Along the years I’ve dealt closely with testing and development teams, I got the chance to understand why testing is, in general, a very understated and underrated part of software development. Many people will tell you that automated testing is enough and others will praise that testing in production is also fine. Personally, I think that none is enough nor fine and you should take Quality Assurance seriously if you want to create products that work seamlessly. Note that while bugs are generally accepted in your social network or video game, they aren’t as easily accepted when they happen while launching a satellite into space or while monitoring vital data (like some projects we’ve worked on) because if things go wrong in space or healthcare products, your bugs are likely to have real costly consequences. That said, let’s dive into software development and quality assurance.

The current state of software development for the web or mobile is like a jenga game.

Most modern systems depend on other people’s systems. Once you start developing an app, to ease and speed up the process, you eventually use somebody else’s library. That library you just imported to your project uses a few other libraries that were created by someone else, whose libraries depend on code from other developers. You see where I’m going right?
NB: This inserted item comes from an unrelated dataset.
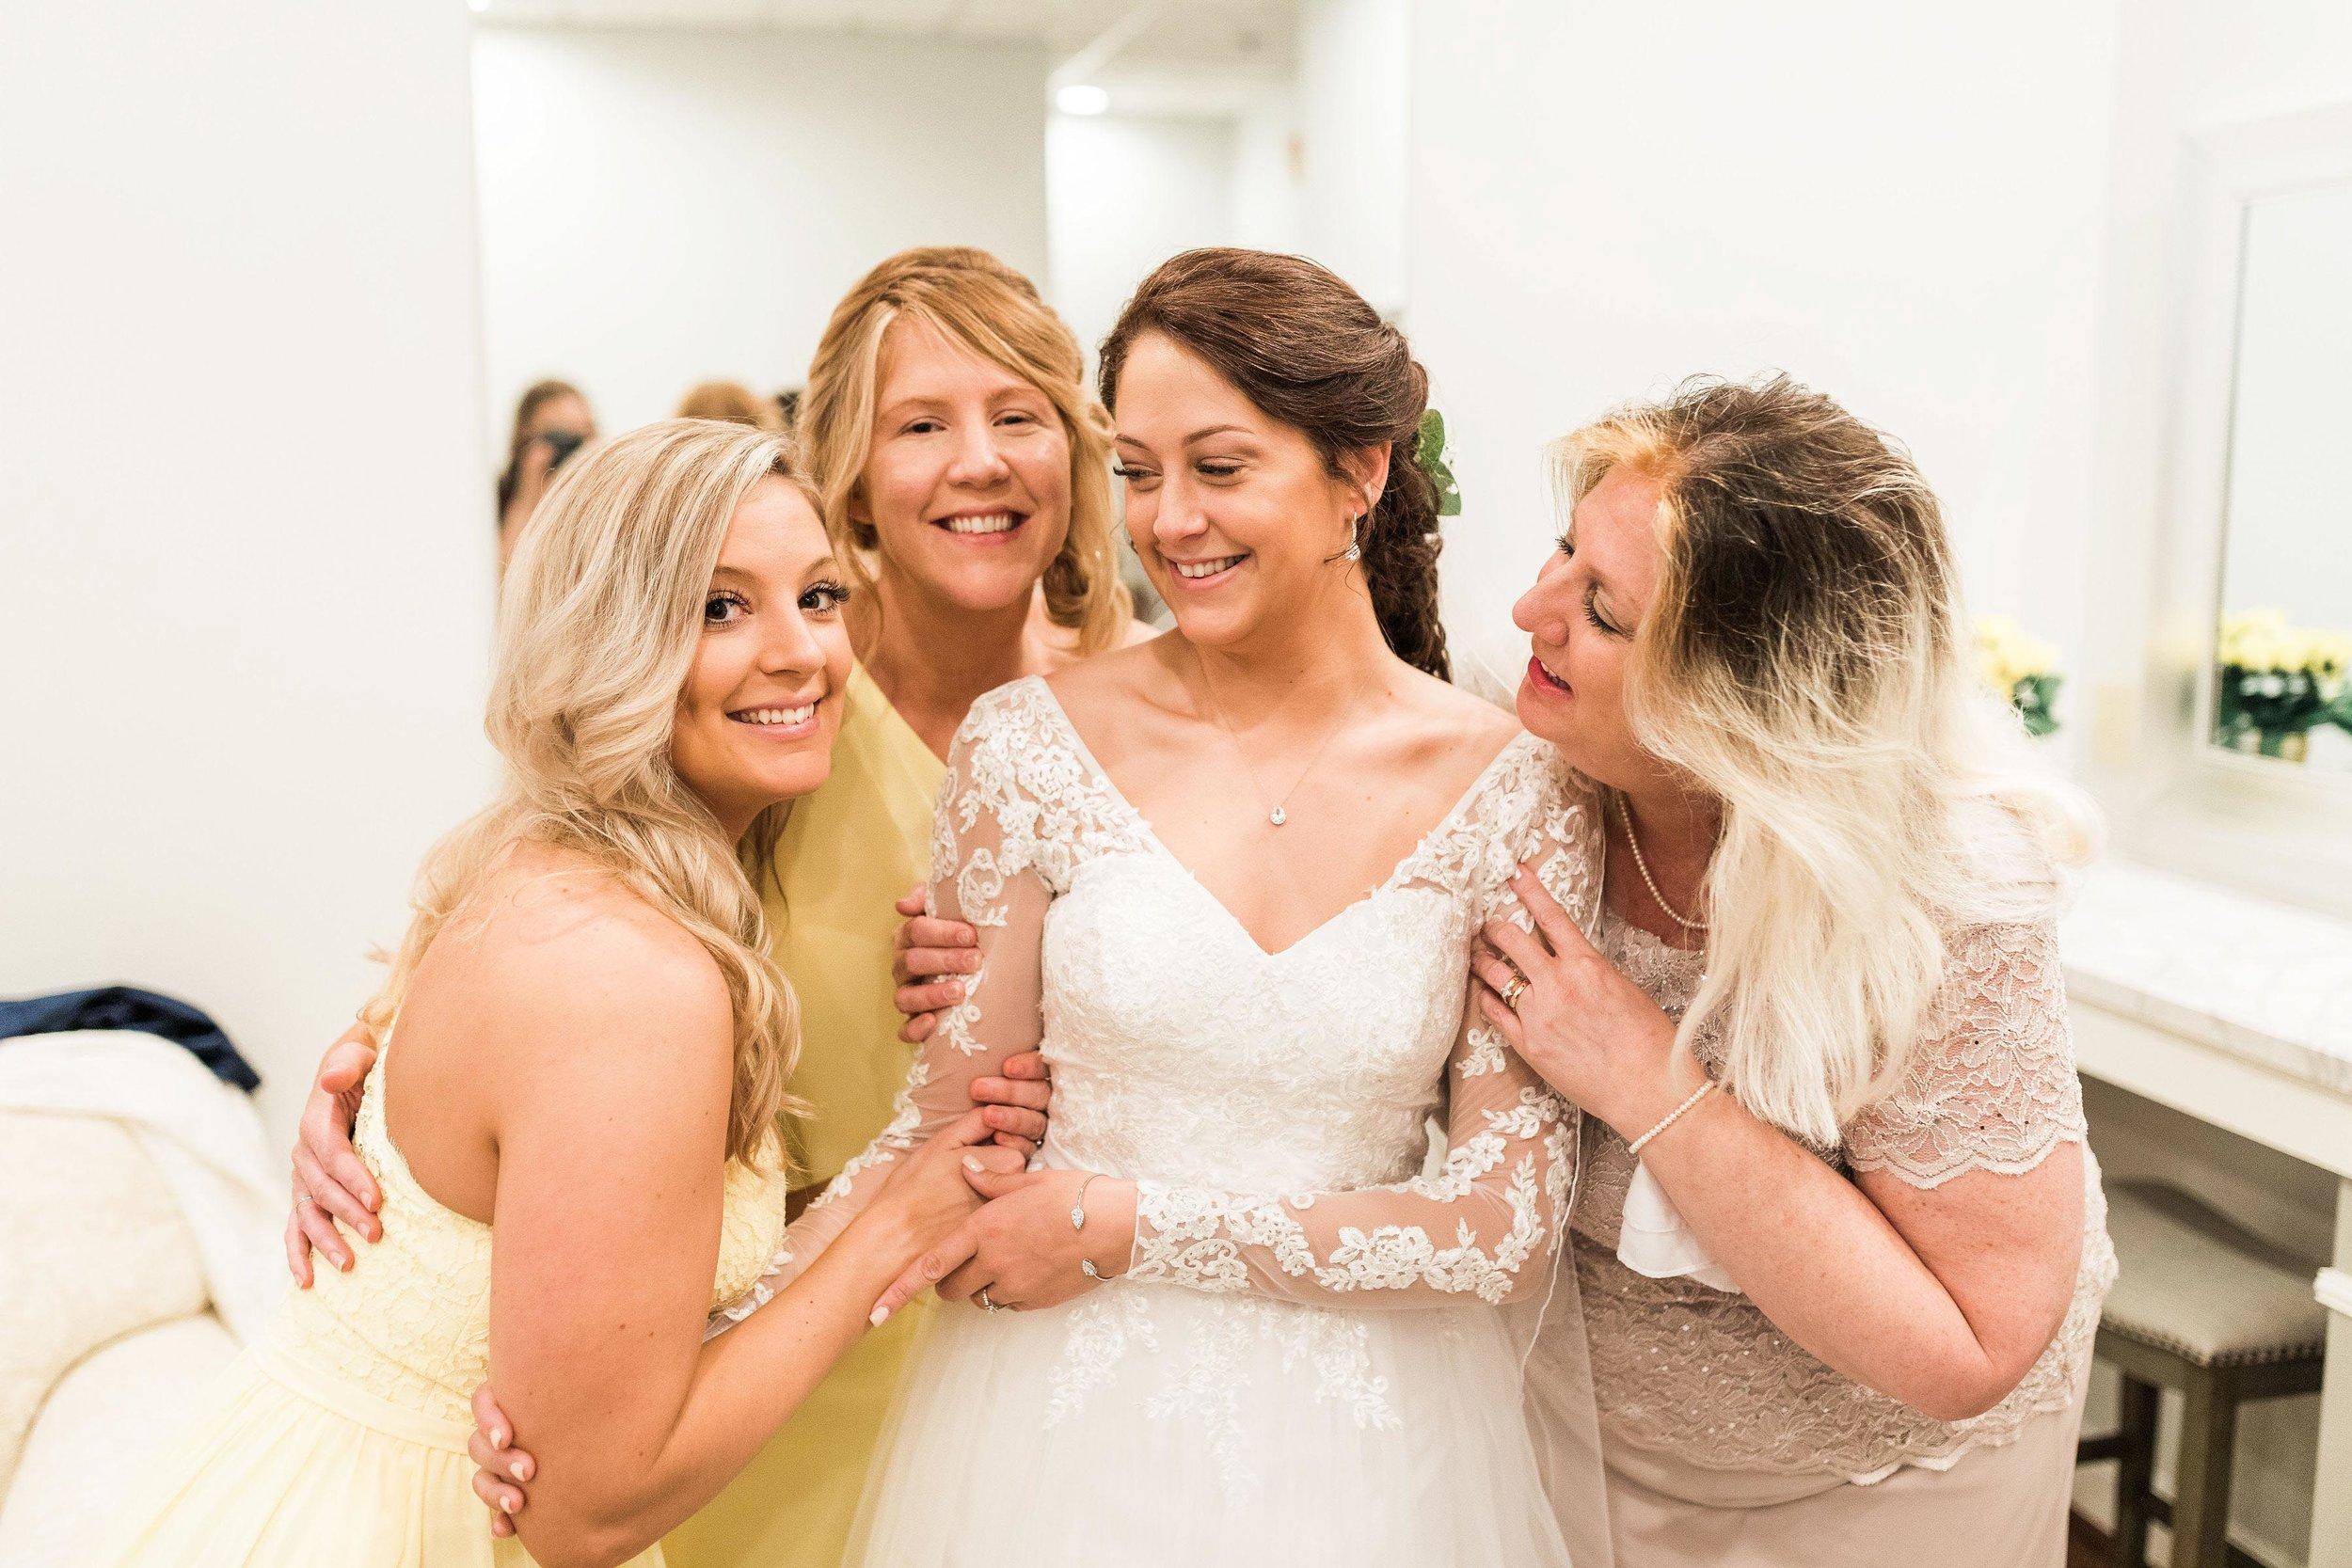 dayton ohio engagement and wedding photographers-6.jpg

The system you’re creating is at the top of your personal architectural pyramid and most times you don’t really know what’s really beneath the first layers. This means that if you think your app might be working correctly today, due to lack of maintenance from any other third party pieces it may stop working at all and this can happen without a warning.

These pieces of software aren’t always properly maintained and many owners/contributors won’t even bother to let you know that they have stopped putting effort into it, resulting in bugs over time and sometimes severe security problems. So it’s fair to say that once you deploy something into production, the system you created has started its path to partial degradation and to be filled with errors in the future - getting technologically rotten. What is working today, might not be working tomorrow.

To mitigate all the errors you can inherit, you can either let them happen and solve them — which is not what your client would be happy with, or you can try to test and perform quality assurance on your system, testing soon and properly.

And yet, testing is a process that’s made to fail, in the sense that it’s always only going to cover your known unknowns — all of the things you know that might not be working and the things that you have the tools to test. Everything else is the unknown.

At RedLight, testing has many phases: Unit Testing (automated), Integration Testing (automated), Functional Testing, System Testing, Stress Testing (automated), Performance Testing (automated), Acceptance Testing, Regression Testing, Security Testing (automated) and Beta Testing.

The way we do our software development is to leave Unit, Integration, Stress, Performance and Security Testing to our development team. Functional Tests, Acceptance Tests (also performed by the client himself but that’s a whole new blogpost) and Regression Tests are responsibility for the QA team.

Of course, any team should create a Quality Assurance role that is appropriate for their process and the responsibilities will vary from company to company.

Independently of how many responsibilities you place on your QA team, it’s important to know that software engineering is a team activity and not only led by the dev team as many think. Projects are maintained by several people that contribute differently to the ultimate result.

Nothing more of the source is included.